PROBLEM REQUIREMENTS: Your answer must be the full listing, word for word, with no images in it.

PROVIDED MATERIAL:
□ □ □
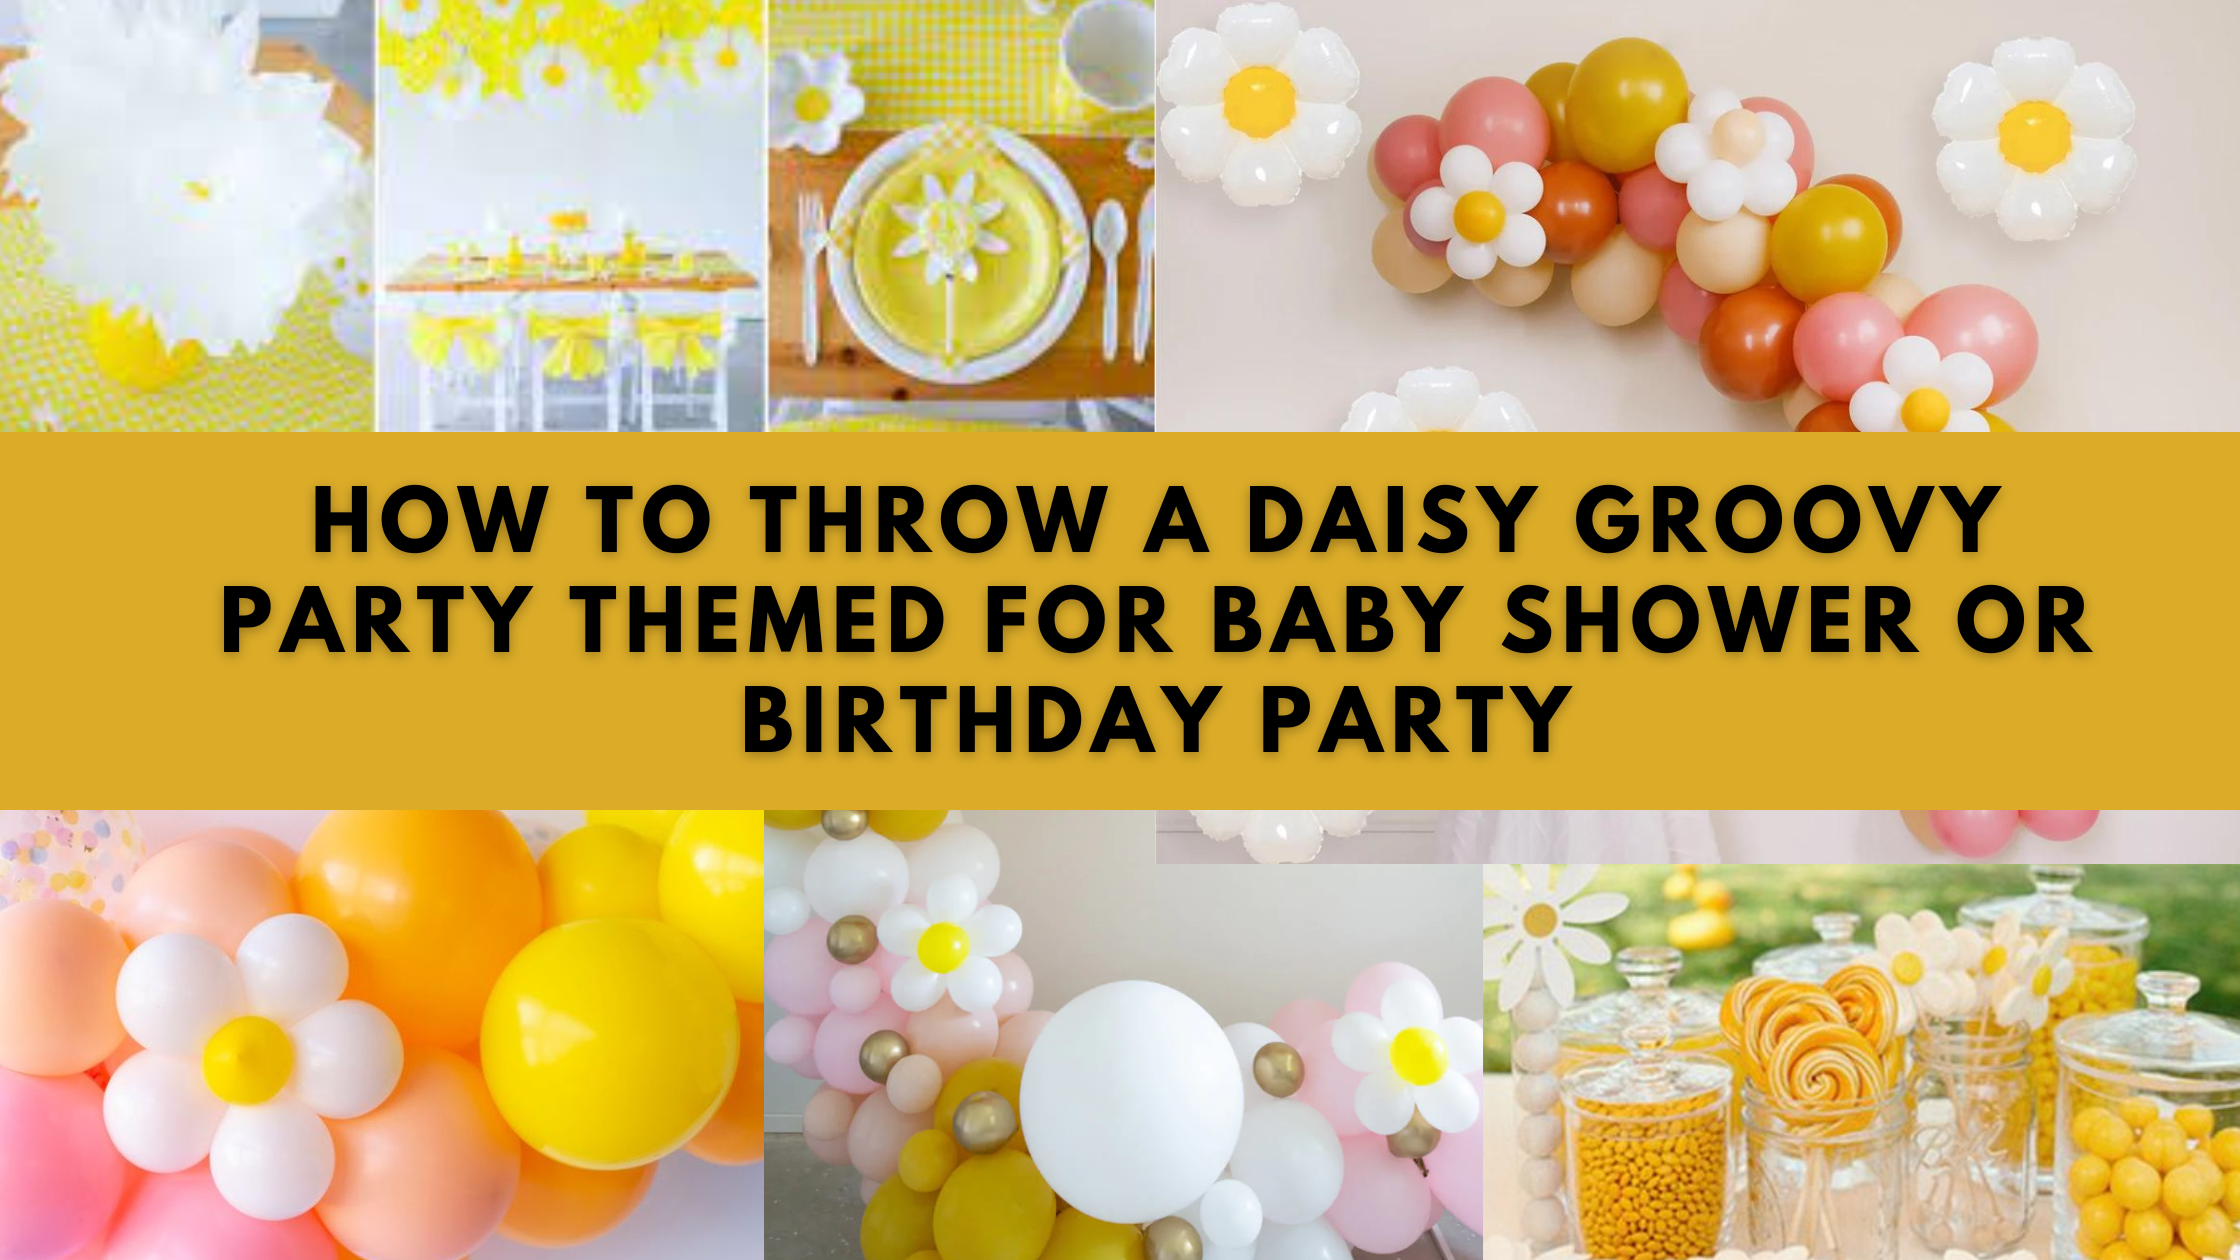 How to Throw a Daisy Groovy Party Themed for Baby Shower or Birthday Party
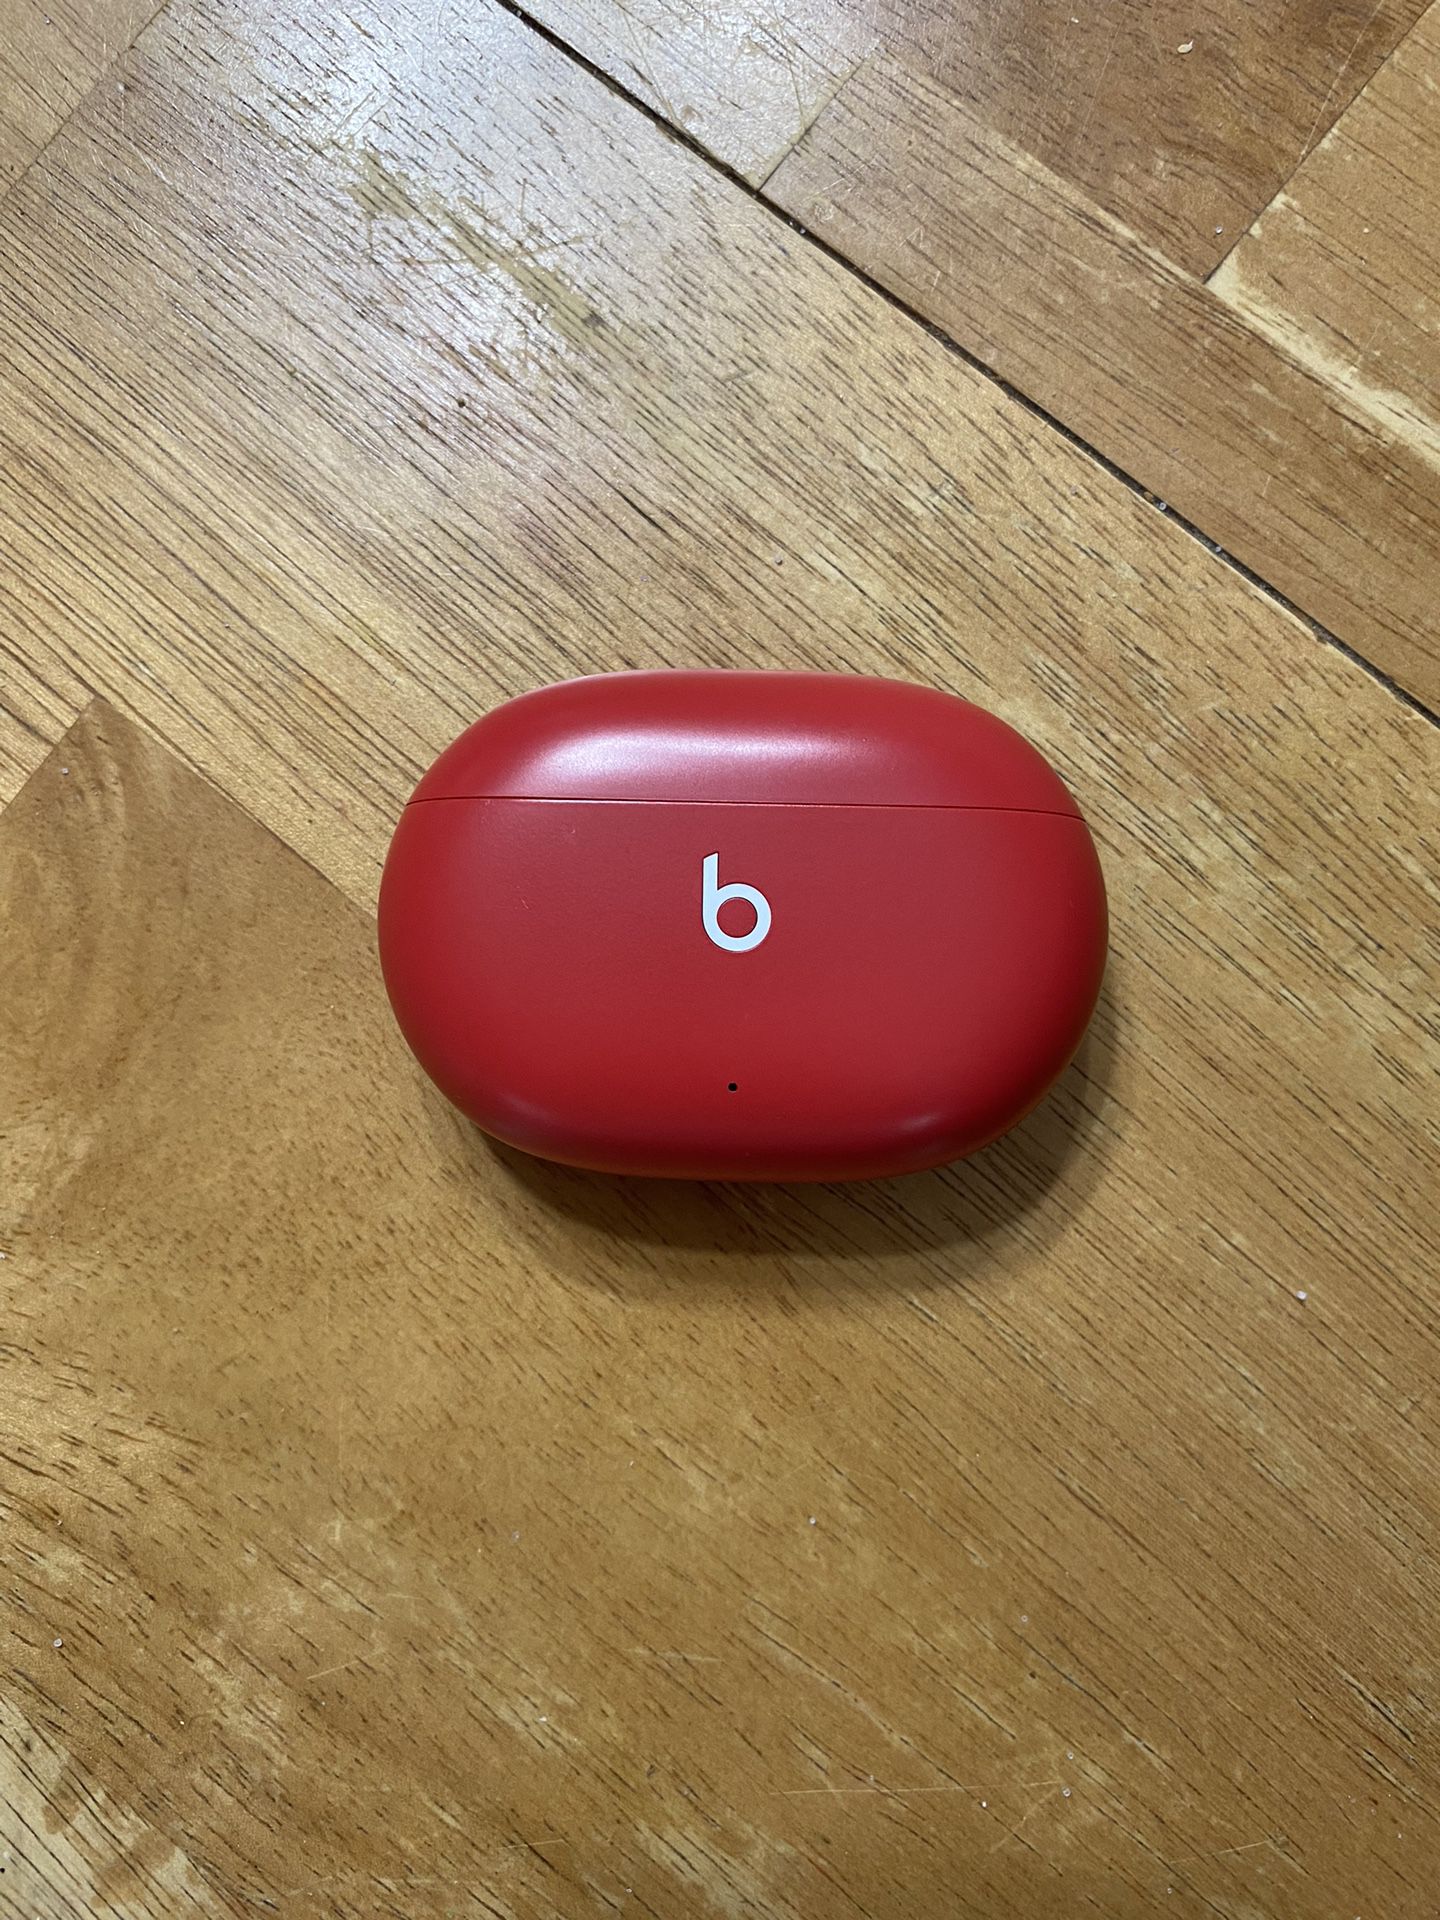 Beats Studio Buds True Wireless Noise Cancelling Bluetooth Earbuds - Red
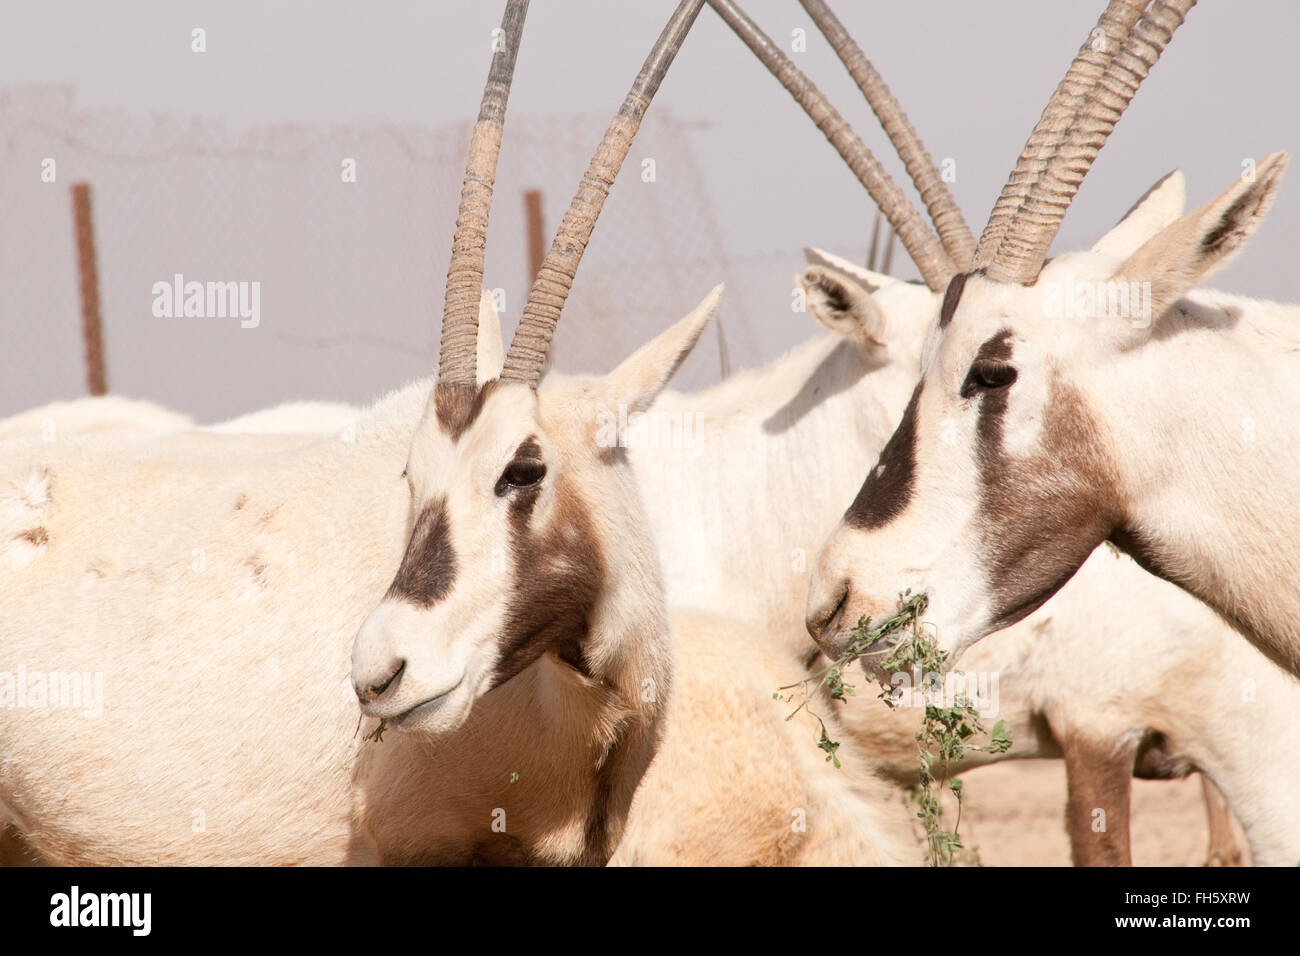 A herd of rare Arabian Oryx on the Shaumari Wildlife Reserve on the outskirts of Azraq Oasis in the Eastern Desert of the Hashemite Kingdom of Jordan. Stock Photo
□ □ □
WRITTEN SOLUTION:
 How to Throw a Daisy Groovy Party Themed for Baby Shower or Birthday Party
 Beats Studio Buds True Wireless Noise Cancelling Bluetooth Earbuds - Red
 A herd of rare Arabian Oryx on the Shaumari Wildlife Reserve on the outskirts of Azraq Oasis in the Eastern Desert of the Hashemite Kingdom of Jordan. Stock Photo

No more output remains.